The Photo Page shows Susan Hubbard’s photos of flowers from Gary’s water garden – WOW – then return to see more of my visit to Cuba!
MORE ON CUBA VISIT:
Naturally, megacities have more than 2,000 people – To me that is a lot of people.
Hooversville, Pa – three miles from the farm I grew up on has 625 people. TGO where I live in Florida has approximately 1,800 during the season – less than half that in the summer. Drummond Island. Michigan, where I live in the summer, has 1,117. The other Island I lived on for 15 years – Block Island, Rhode Island – has approximately 1,051people. Stonewall, Texas in 1990 – just before we established the J Bar G Ranch 2 miles south of Stonewall – had 246 residents. We left in 2007 but today, I understand it has almost 1,000 residents – See, even Stonewall is on its way to become a megacity!
Back to my visit to Havana, Cuba – it has 2,106,246 residents. As a megacity it makes, for country folks like me, great photos, many questions, and great stories.

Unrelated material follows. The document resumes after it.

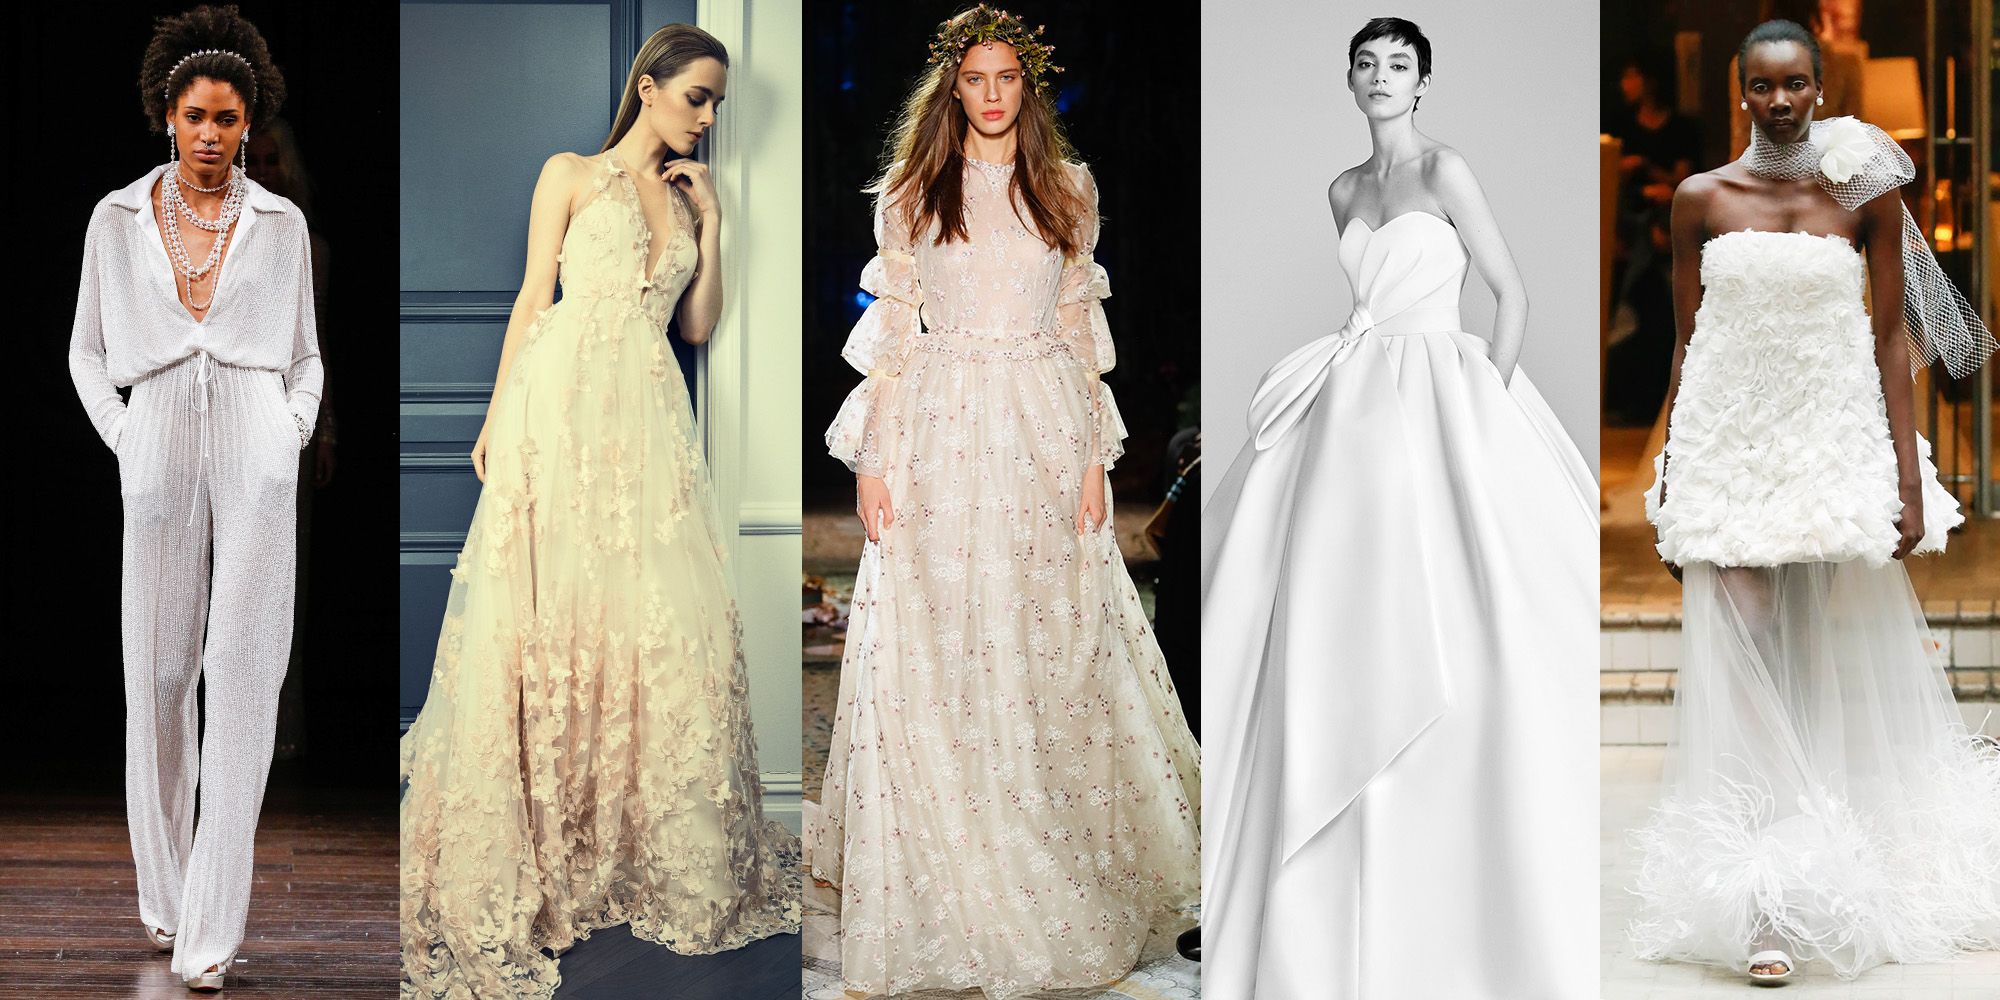 2017 Wedding Dress Trend You Need To Know About: Pastels - Weddingbells

That is why I love to visit megacities for a day or two.
One question I had, what does the city of Havana do with the large number of bodies that need to be taken care of, each day, in a megacity of 2-3 million?
Let me tell you a story about one Havana cemetery and it’s handling the bodies of loved ones:
Now for a legend of Colon Cemetery:
The cemetery’s most famous grave is that of Amelia Goyri de Adot- La Milagrosa (The Miraculous Lady). La Milagrosa died in childbirth at the turn of the century, and was buried in the cemetery with her baby. Legend has it that when the grave was exhumed a few years later, the mother’s body was found intact and her baby, who had been buried at her feet, was found nestled in her arms. Her husband commissioned a statue of his beloved wife holding her child.